# Final Fantasy III: Advent Babies



## DDRPenguin (Mar 2, 2009)

I made this for the team of people who were helping poor me trying to get Mario and Luigi RPG 3!!! to work on my DS.

I never got it to work, but nonetheless, I made this.

I got Final Fantasy III and VII, Super Mario Bros. 2, and Mario and Luigi PiT in my head when making this.

Tell me your thoughts!


----------



## B-Blue (Mar 2, 2009)

I like it, good job!


----------



## Splych (Mar 3, 2009)

Awesome picture. For some reason, I feel like they are leaning back too much like they are stretching xD


----------



## Inferior_Design (Mar 3, 2009)

Awesome!  What did you use to add color?  You've got some skillz.


----------



## DDRPenguin (Mar 3, 2009)

Splych said:
			
		

> Awesome picture. For some reason, I feel like they are leaning back too much like they are stretching xD
> 
> Lol, yeah, I kinda got more concerned about when I saw toad, he's really leaning back. Thanks!
> 
> QUOTE(Inferior_Design @ Mar 3 2009, 11:41 AM) Awesome!  What did you use to add color?  You've got some skillz.

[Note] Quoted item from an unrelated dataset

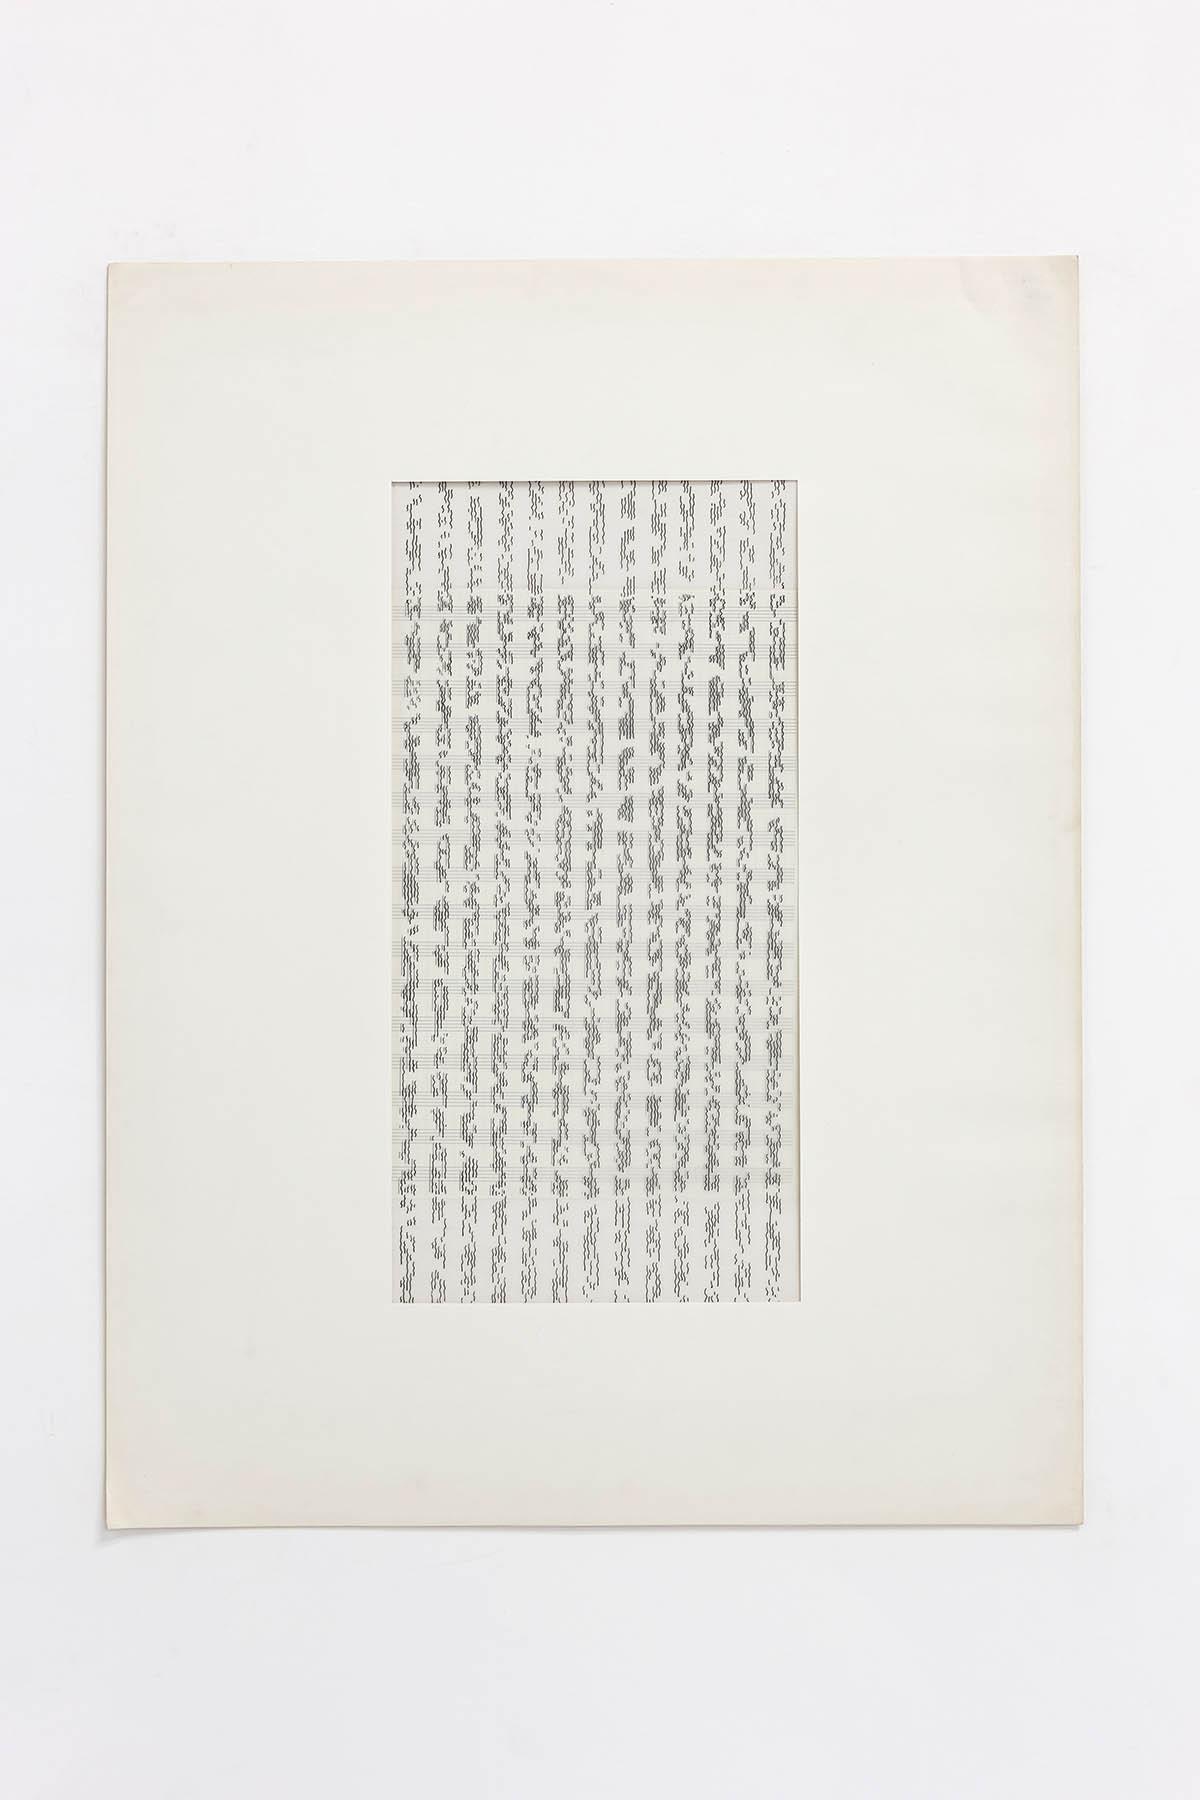 Betty Danon, Partitura asemantica (Asemantic score), 1974, indian ink on paper, cm 68 x 53 (framed), cm 65 X 50 (unframed)
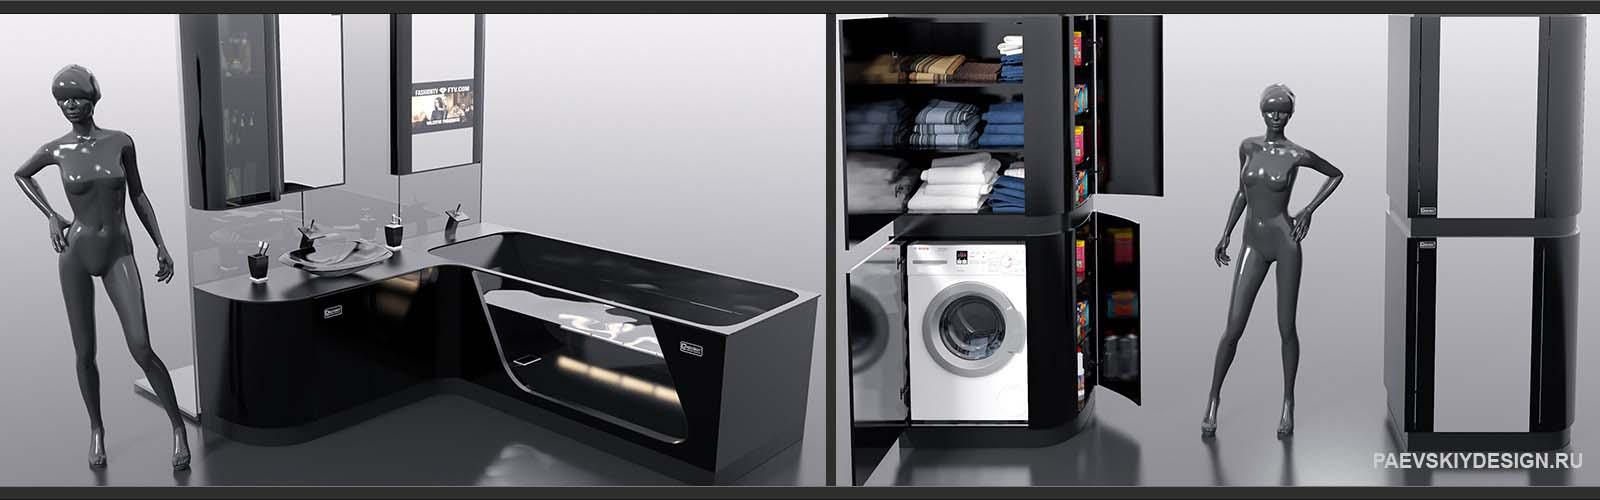 Авторская мебель для ванной FLEXURE - BLACK DIAMOND

To add color, I used Adobe Photoshop CS2.

Thank you!


----------



## cocomonk22 (Mar 4, 2009)

Like you said, Toad looks to be leaning back a little too much, but other than that, it looks great!


----------



## Splych (Mar 5, 2009)

I can't wait to see future drawings by you. Also, another thing I noticed was with Luigi. He seems to lean back a little, but not as much as Toad.


----------